[INFORMATION PROVIDED]

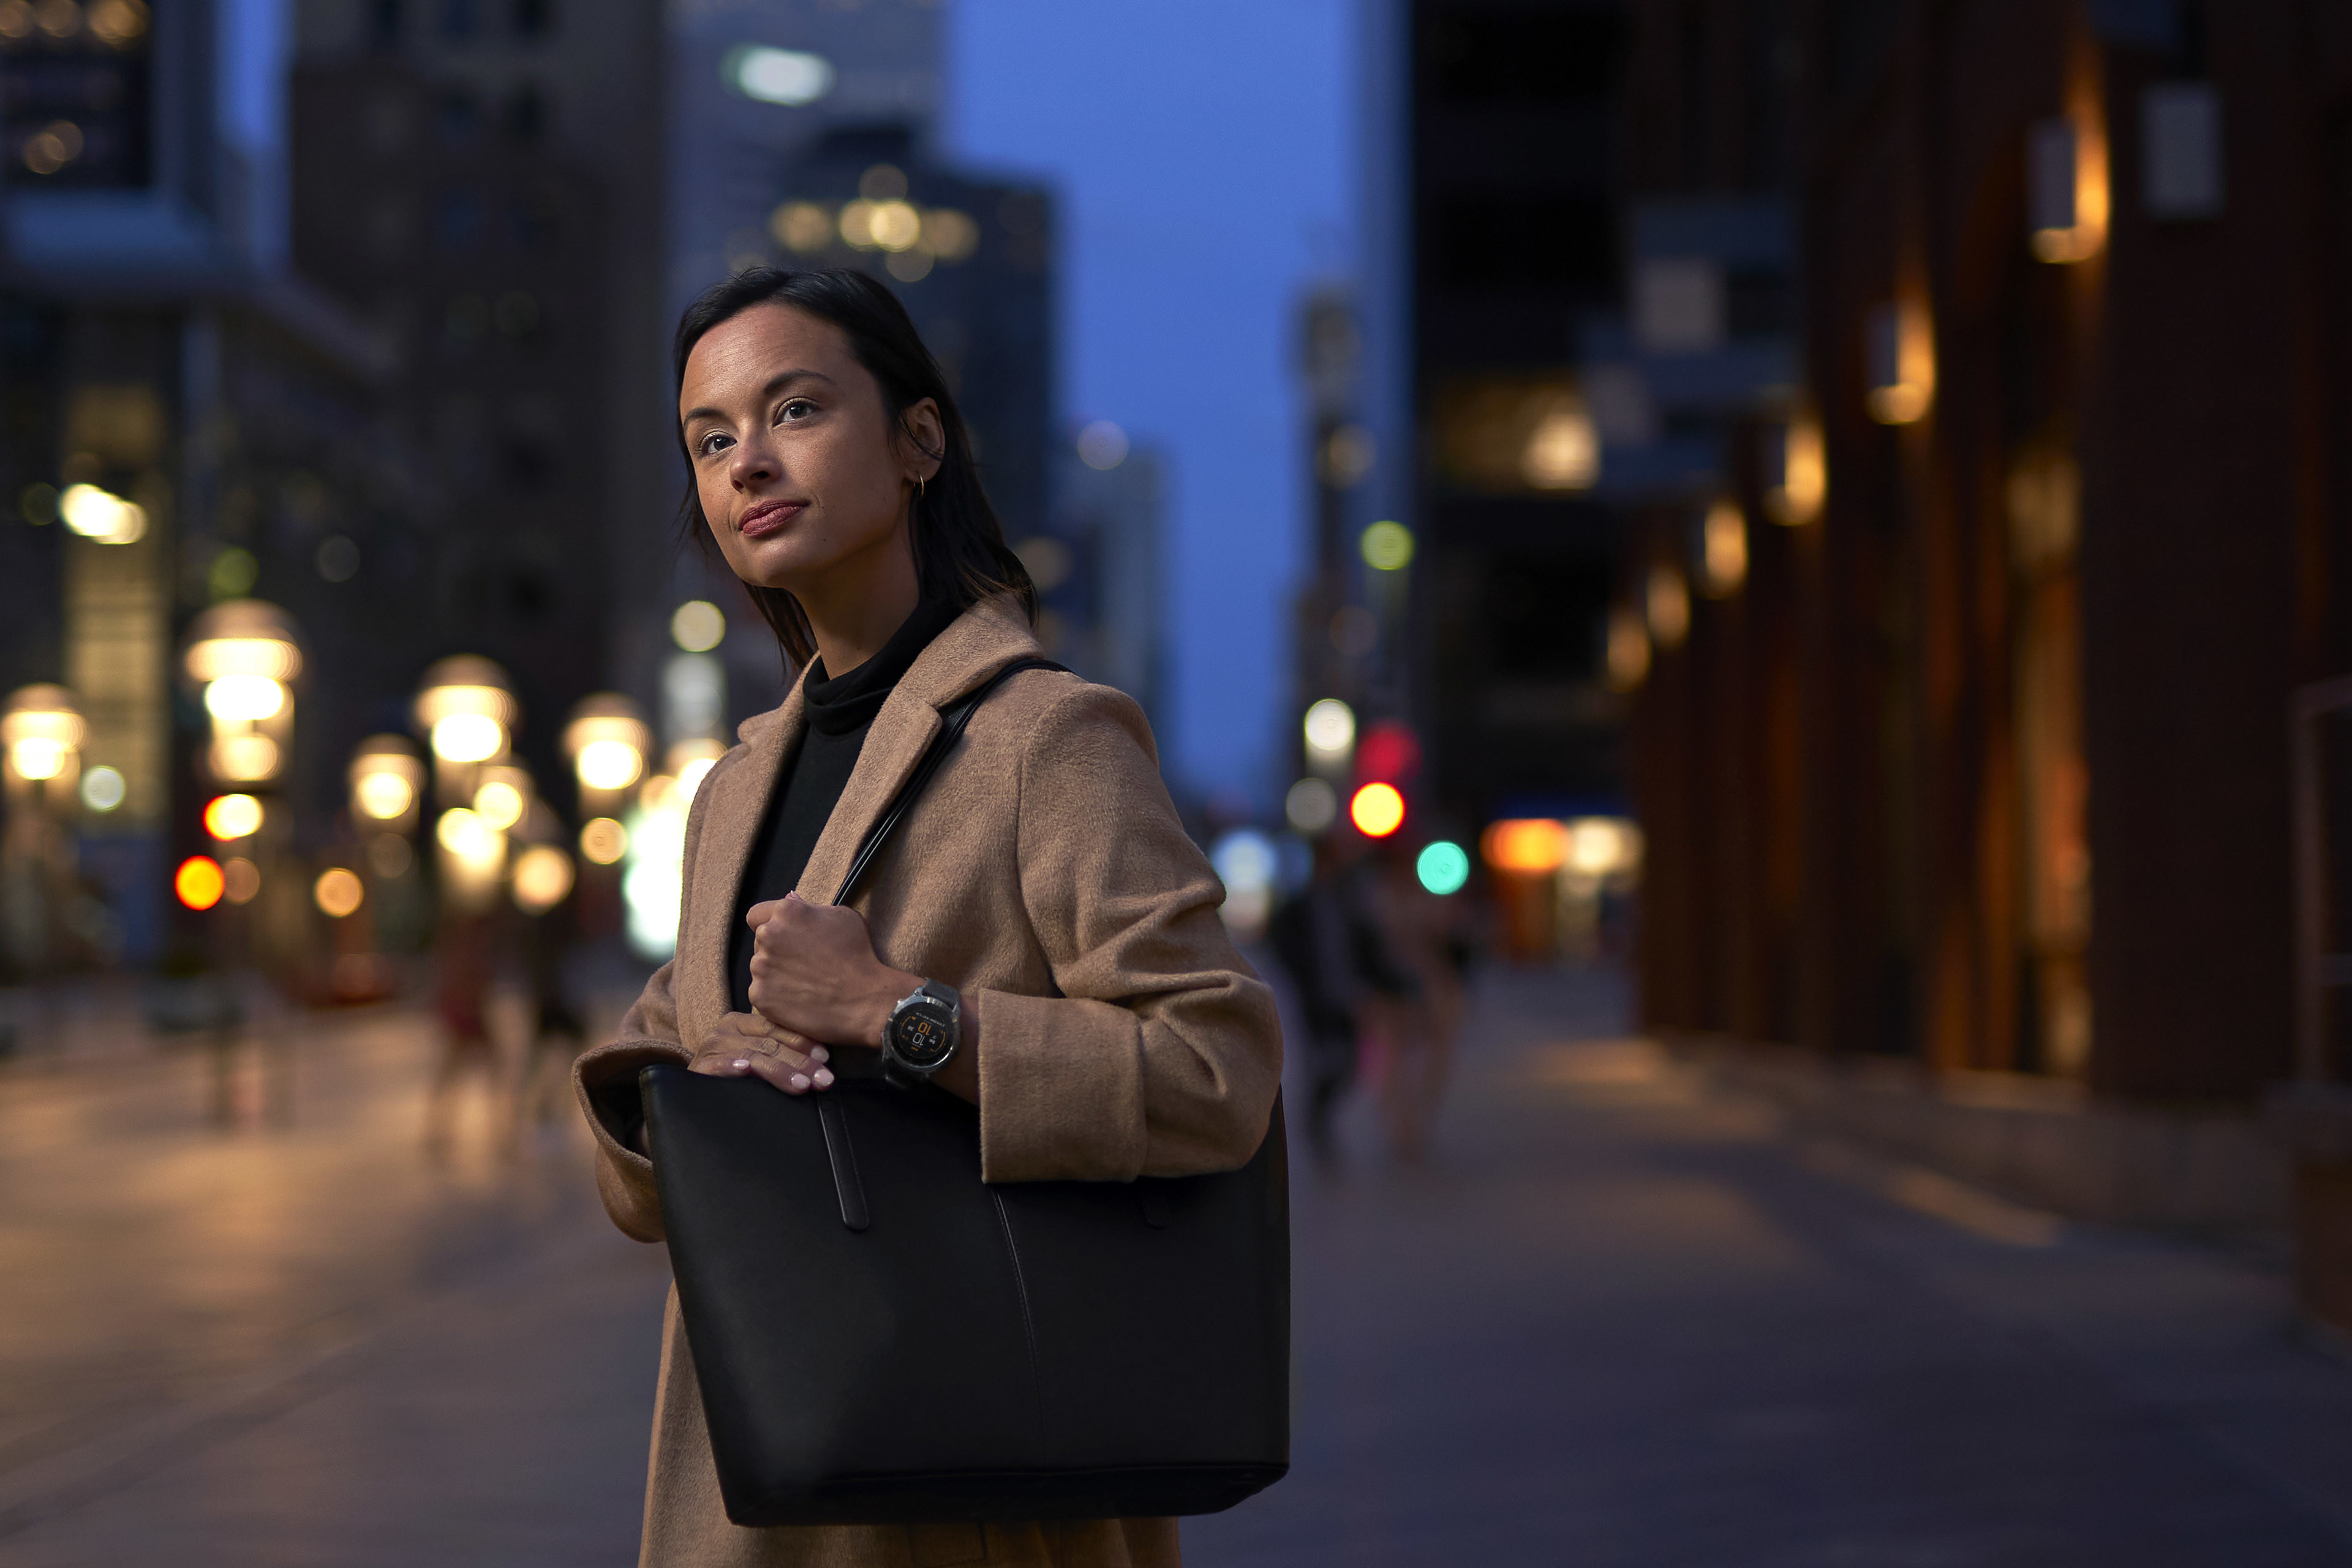 hek zak kom tot rust Luxe Garmin Epix smartwatch met oled-scherm belooft 16 dagen accu | TechFi
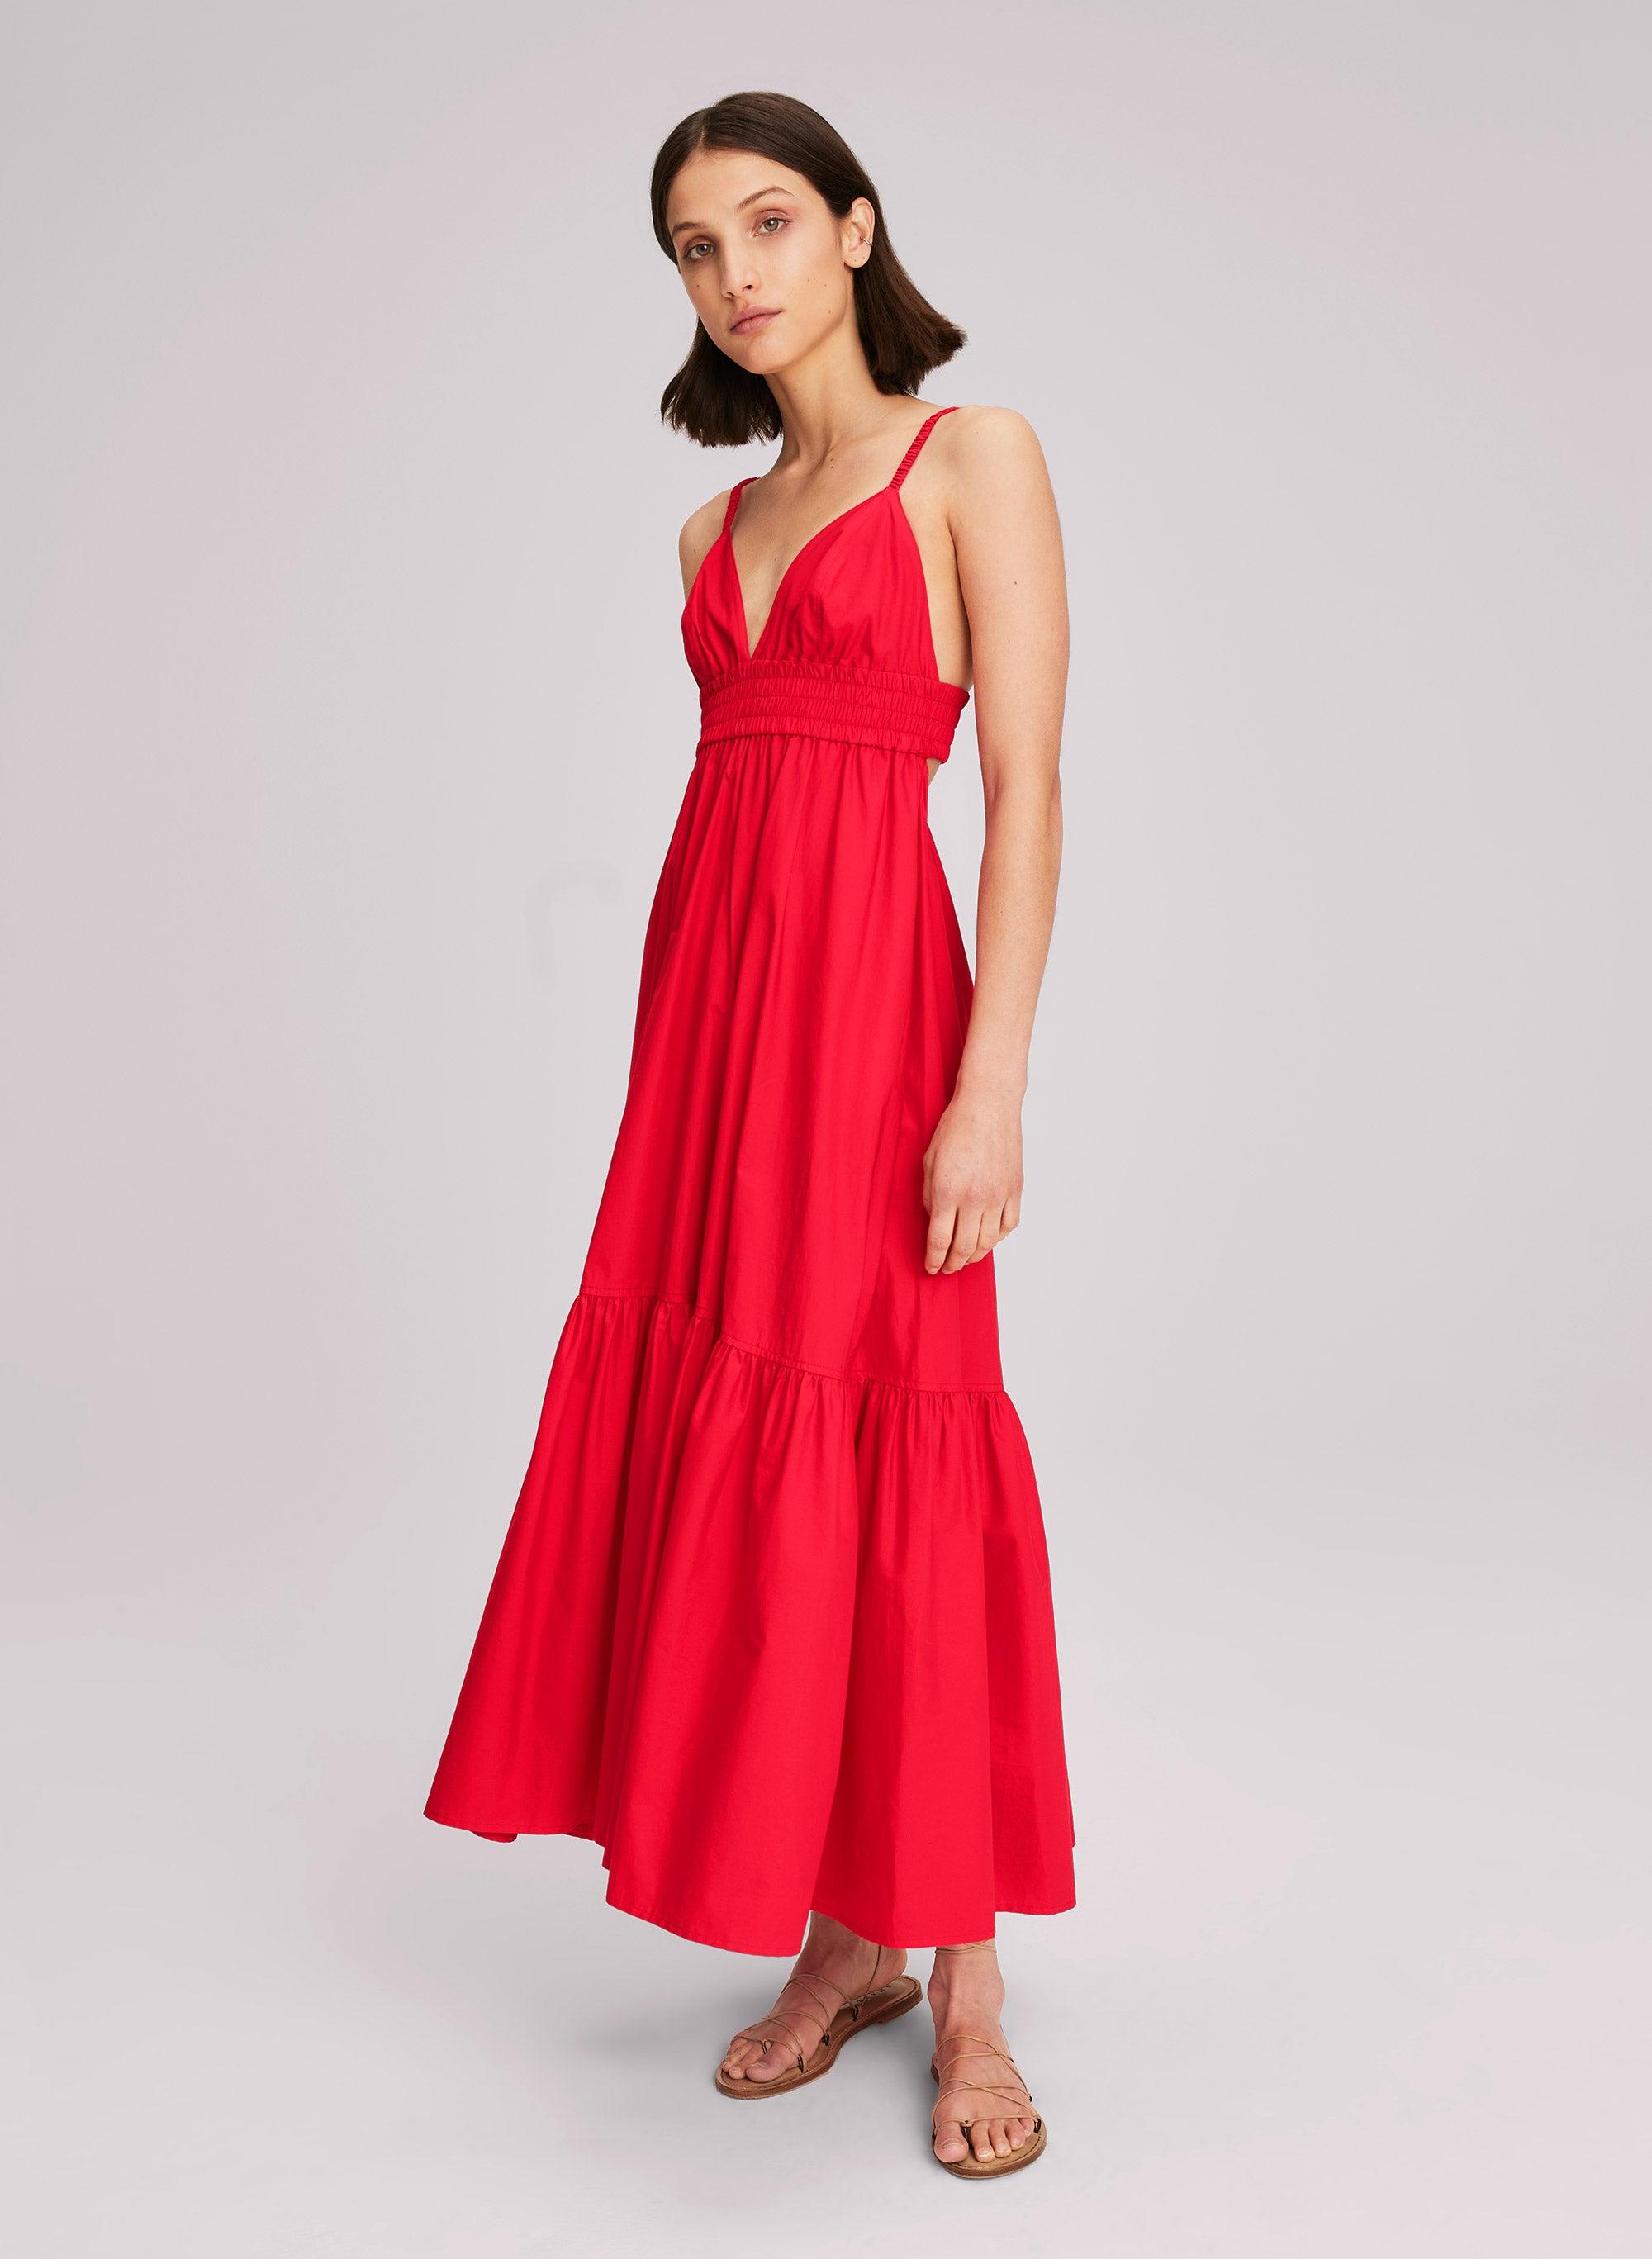 Floral Cutwork Wrap Dress (Red) – Half Full
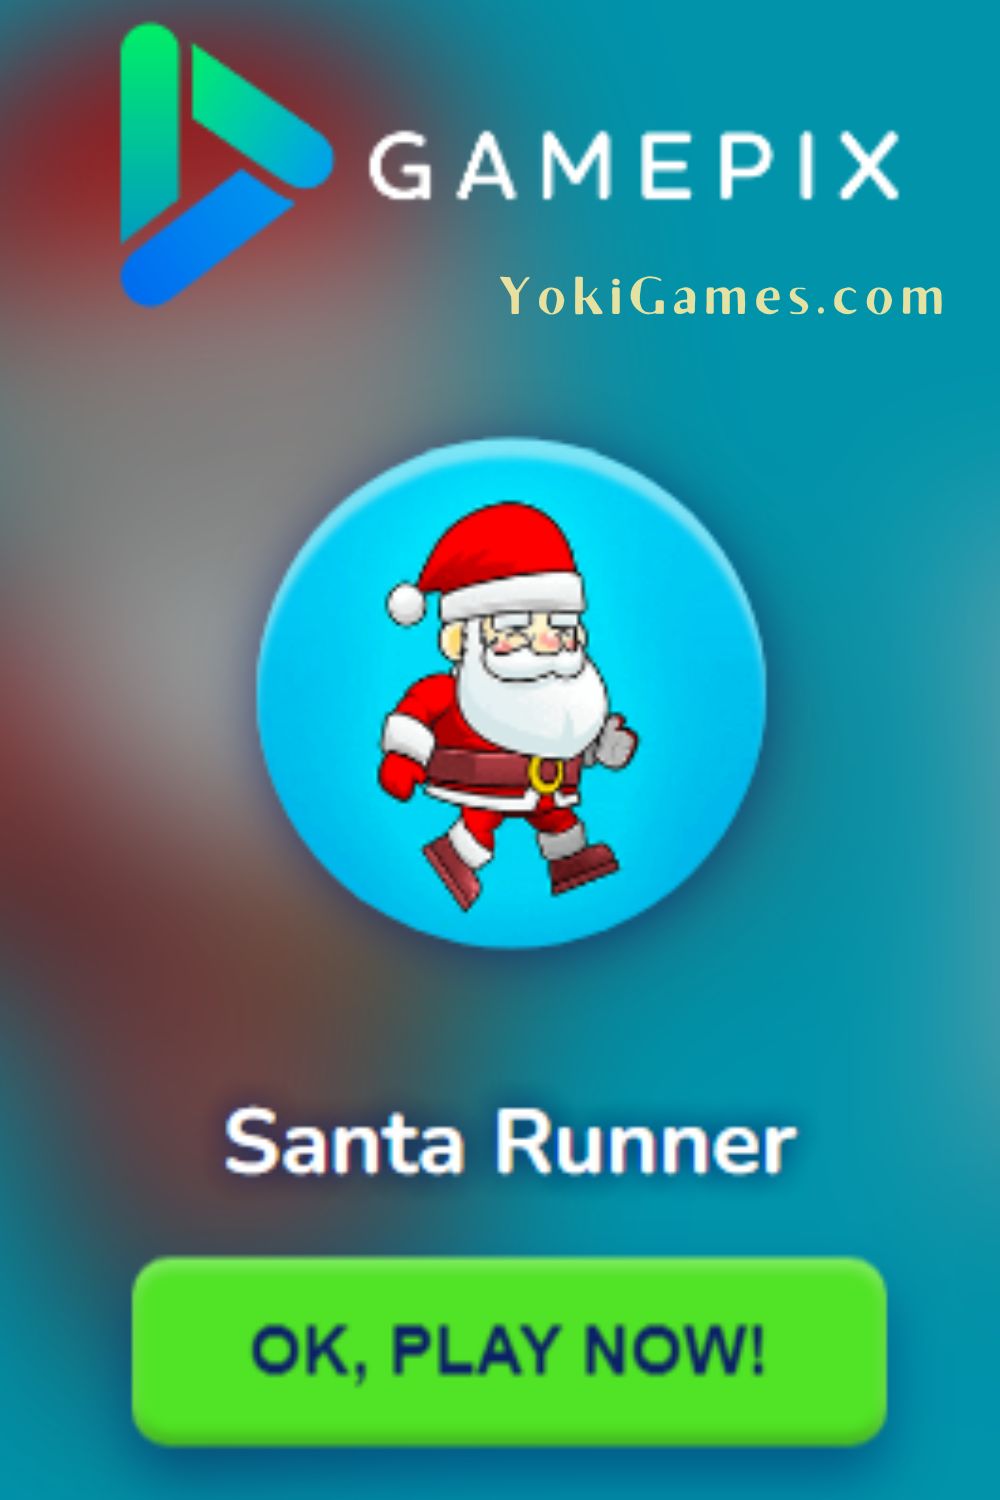  Why Play Santa Runner on Yoki.games?

[/INFORMATION PROVIDED]

_TASK STATEMENT_.
Keep the pictures out of the copy and write out the data exactly as it stands.

_SOLUTION TO THE EXERCISE_.
 hek zak kom tot rust Luxe Garmin Epix smartwatch met oled-scherm belooft 16 dagen accu | TechFi
 Floral Cutwork Wrap Dress (Red) – Half Full
  Why Play Santa Runner on Yoki.games?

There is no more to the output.